But I started to worry by the time he had drifted to in front of us, and he didn’t seem to be aware of what was going on. I was torn between jumping up and yelling out to him, and letting him enjoy himself as he was having a lot of fun and wasn’t in any danger.

He continued to drift and by the time I decided to get up and say something, he was swept about 10 metres to the right instantly and was out in deeper water and on the rocks not long after. The waves pounded him in succession and forced him under over and over again. I ran out to him, and fell over, then waded about waist deep into the water, calling out to him.  Then suddenly he just didn’t resurface. I thought I had just seen him drown.

After a short period, which seemed like forever, he managed to come up for air and climb onto a rock, with the waves pounding over that. He was not going to be able to stay on that rock for long, as with the waves so big he would soon be washed off.

Lucky for us there had been a couple wading with their child next to us who noticed what was going on. The man went out to help my husband, while his partner convinced me to get out of the water and come back to the beach. He brought my husband back to me, then simply packed up his family and wandered off.

For the following two months I didn’t stop crying, and then of course the baby was due.

With a lack of sleep that followed I became quite depressed, and found I needed to make some changes in my life.

I had always loved cooking and the benefit here for me was that was something that I could control. I had always said that I showed my love for my husband through my cooking, but felt that
I needed to do more, or take it a step further to show him just how much I loved him.

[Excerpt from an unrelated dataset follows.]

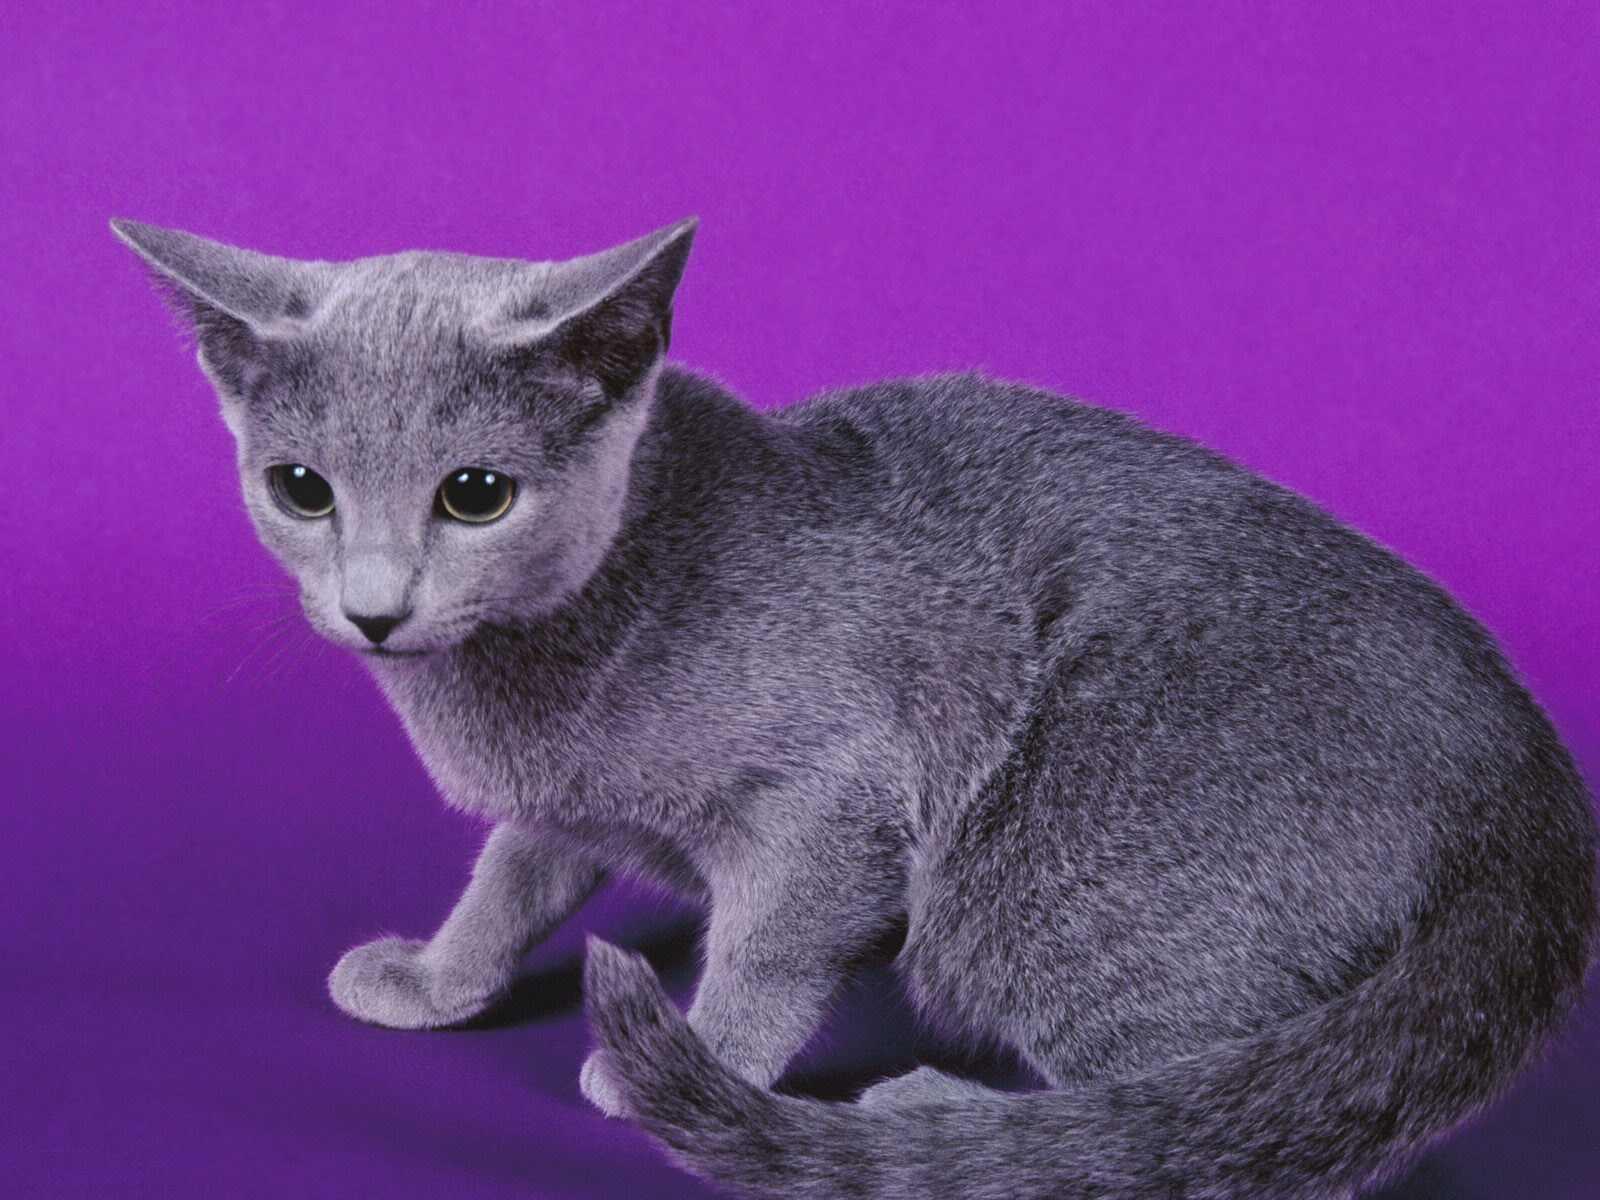 Gatos Cats Mascotas Wallpapers Fondos De Pantalla Hd

The cooking became such an intense cathartic release of love, that the book was born.

 Quail in a Bed of Roses

Now, to get your mouth watering here’s a list of the recipes you’ll find in Love Menu:

Entree:Roasted champagne oysters 8Rosette of fish 14Love all the thyme in Vienna with roasted garlic & fetta 20Fettish salad 30Sweet pepper lamb tart 36Zucchini cakes & flower salad 42Hommus sweet hommus 52Soup of pomme d’amour 58

Crouton heart with poached egg 64

Zucchini flowers with bacon & fetta 74

Lovers’ heart terrine 80

Avocado & a Roma Tomato 86

Lamb rosettes with date paste 98

Cupid’s arrow of sugar and spice beef 104

Rings of Butterfly pork 110

  Main:Parcel of chicken & champagne 10Quail in a bed of roses 16In love with fish & chips 22Hearty chicken with potato rose 32Bow-tie pasta with amoroso tomato 38Duck a la rose 44Hearty pie 54Moussaka with pomme d’amour 60

Beef cutlet with red rose & wine jus 66

Chilli lovers’ chicken 76

Honeyglazed spatchcock 82

Heart & soul cakes 88

Date with Moroccan lamb 100

Lamb shank in cannelloni 106

Lamb married with sweet pepper 112

Dessert:Champagne & flowers sorbet 12Poached pears in champagne 18Golden syrup love dumplings 24Fruit of passion meringue 34Melted heart chocolate pudding 40Champagne & white chocolate mousse 46Sweetie pie 56Lovers’ chocolate fondue for two 62Chantilly kisses for a king 68

Sweet heart cheese cake 78

French kissed raspberries 84

Tia Maria & dark chocolate icecream 90

Date pudding 102

Red velvet cake 108

White wedding cake 114

Champagne and Flowers Sorbet

Love Menu is a book for romantics. It also makes a great and unique gift idea for weddings, anniversaries, birthdays, Christmas and Valentine’s Day.

RRP $34.95

Love Menu is hot off the presses (to be launched on October 1st 2010) and is now available for purchase from the PamperBoxes website: http://www.pamperboxes.com.au/index.php/love-menu-recipe-gift-book

Love Menu – romantic by name, romantic by nature.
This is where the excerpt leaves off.